### Information shown:

....

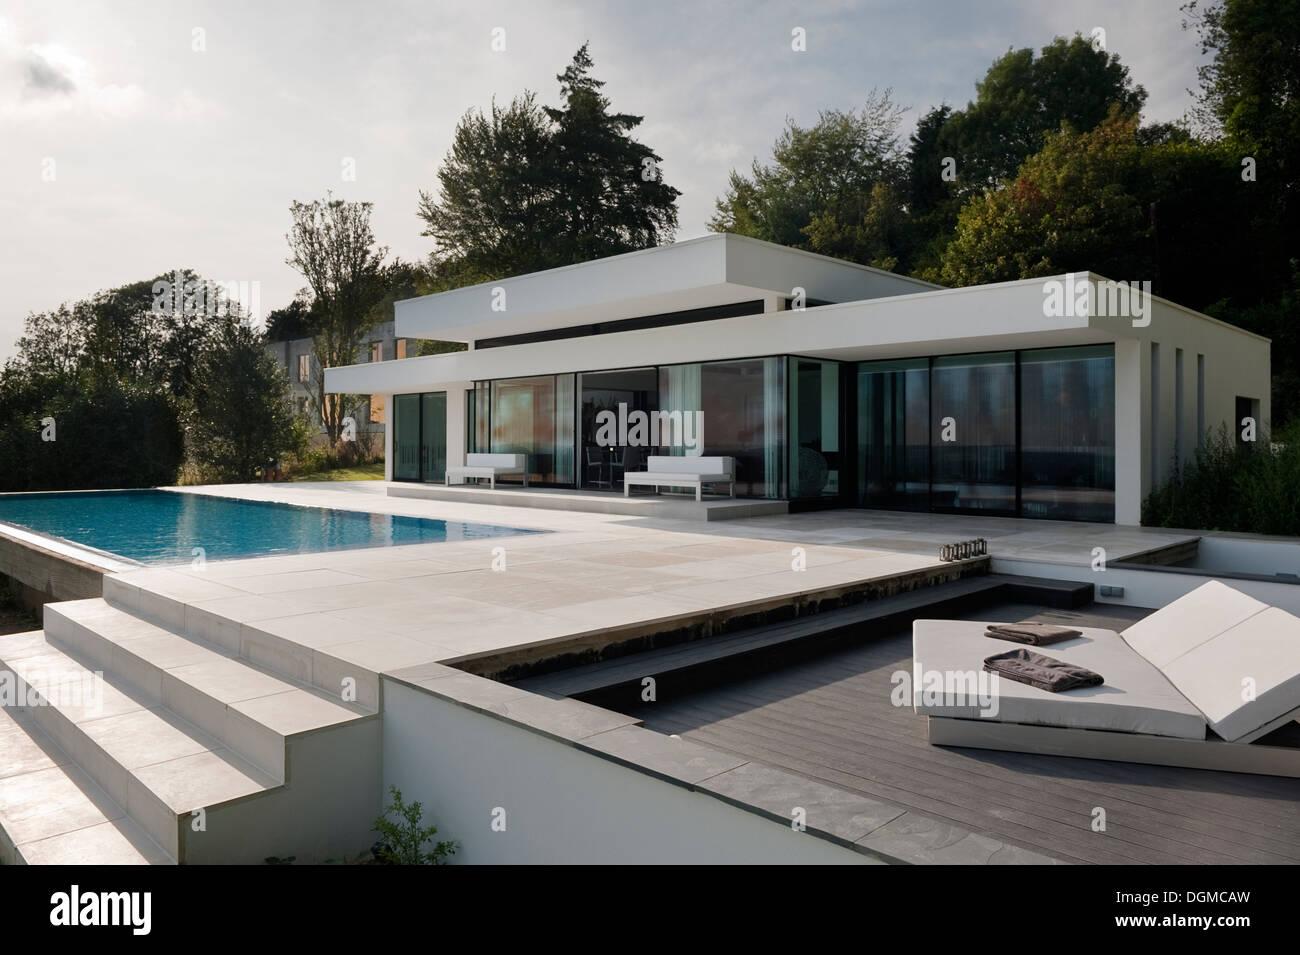 moderner bungalow mit infinity pool in kent sussex grenzen stockfoto bild 61914353 alamy. Black Bedroom Furniture Sets. Home Design Ideas
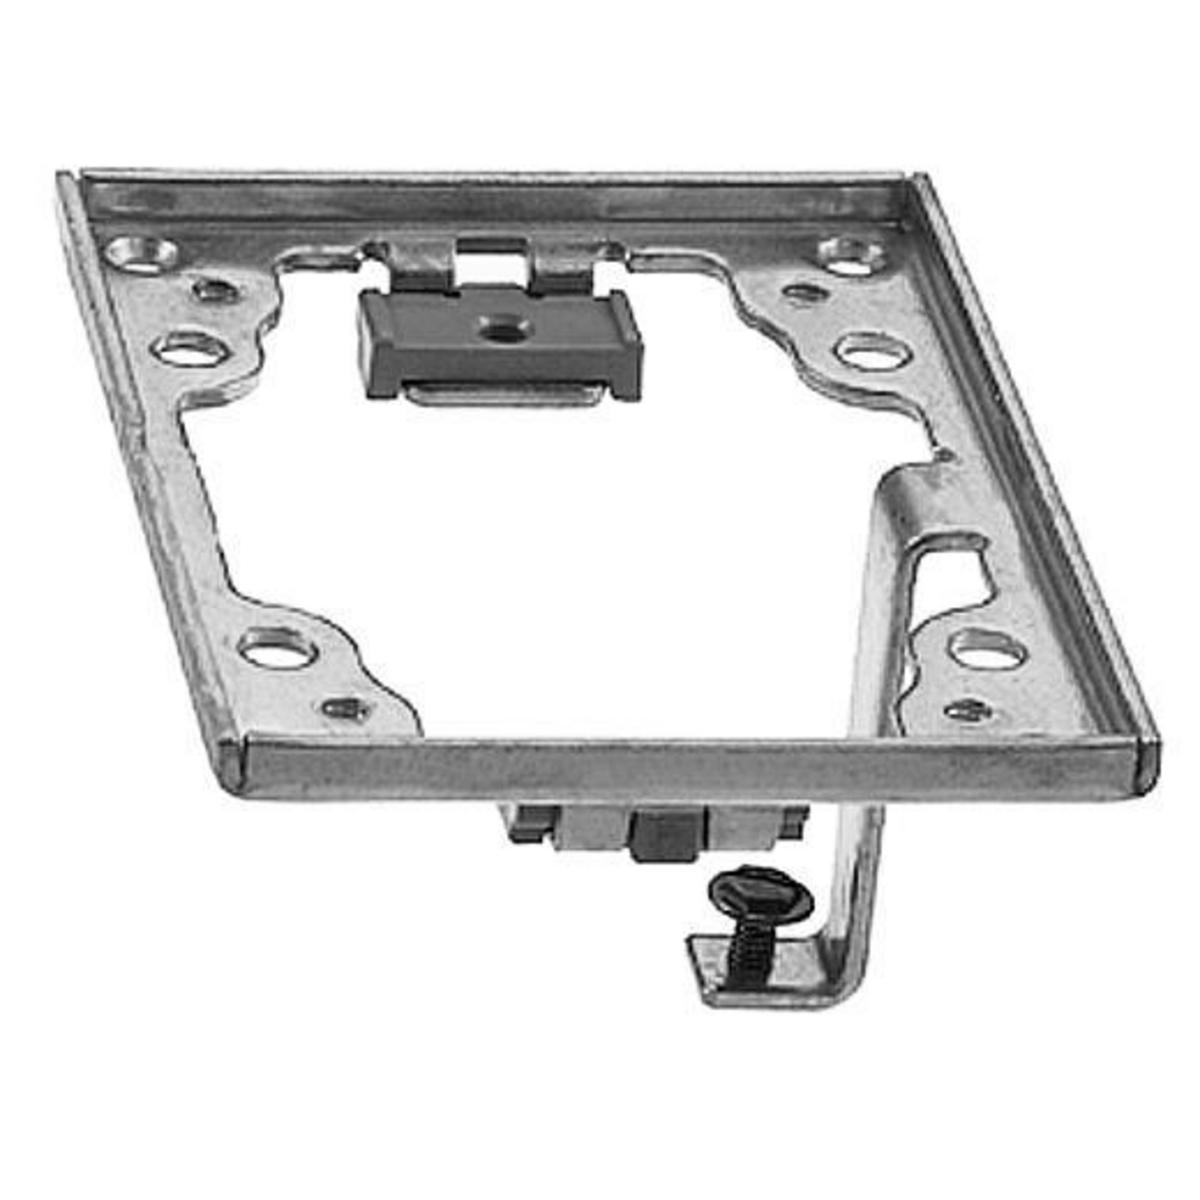 Hubbell SA5017G 4.36 x 3.2 Inch Aluminum Rectangular Adapter Frame with Grounding Lug
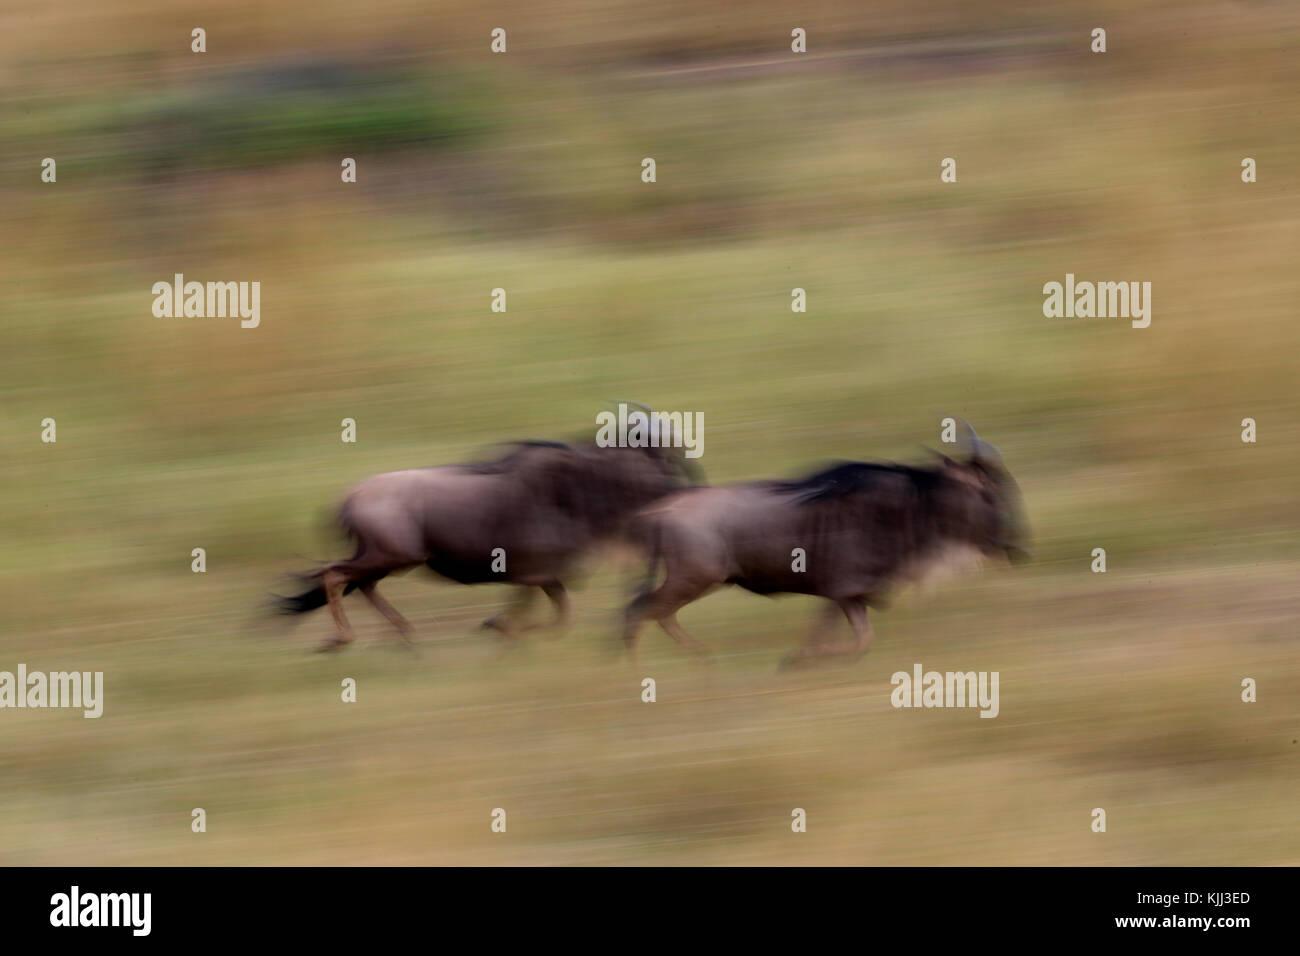 Motion Blur von 2 laufende Gnus (connochaetes Taurinus) im hohen Gras. Masai Mara Game Reserve. Kenia. Stockbild

....

### The task:
Repeat the listing above word for word, omitting the pictures.

### Result for this exercise:
 moderner bungalow mit infinity pool in kent sussex grenzen stockfoto bild 61914353 alamy. Black Bedroom Furniture Sets. Home Design Ideas
 Hubbell SA5017G 4.36 x 3.2 Inch Aluminum Rectangular Adapter Frame with Grounding Lug
 Motion Blur von 2 laufende Gnus (connochaetes Taurinus) im hohen Gras. Masai Mara Game Reserve. Kenia. Stockbild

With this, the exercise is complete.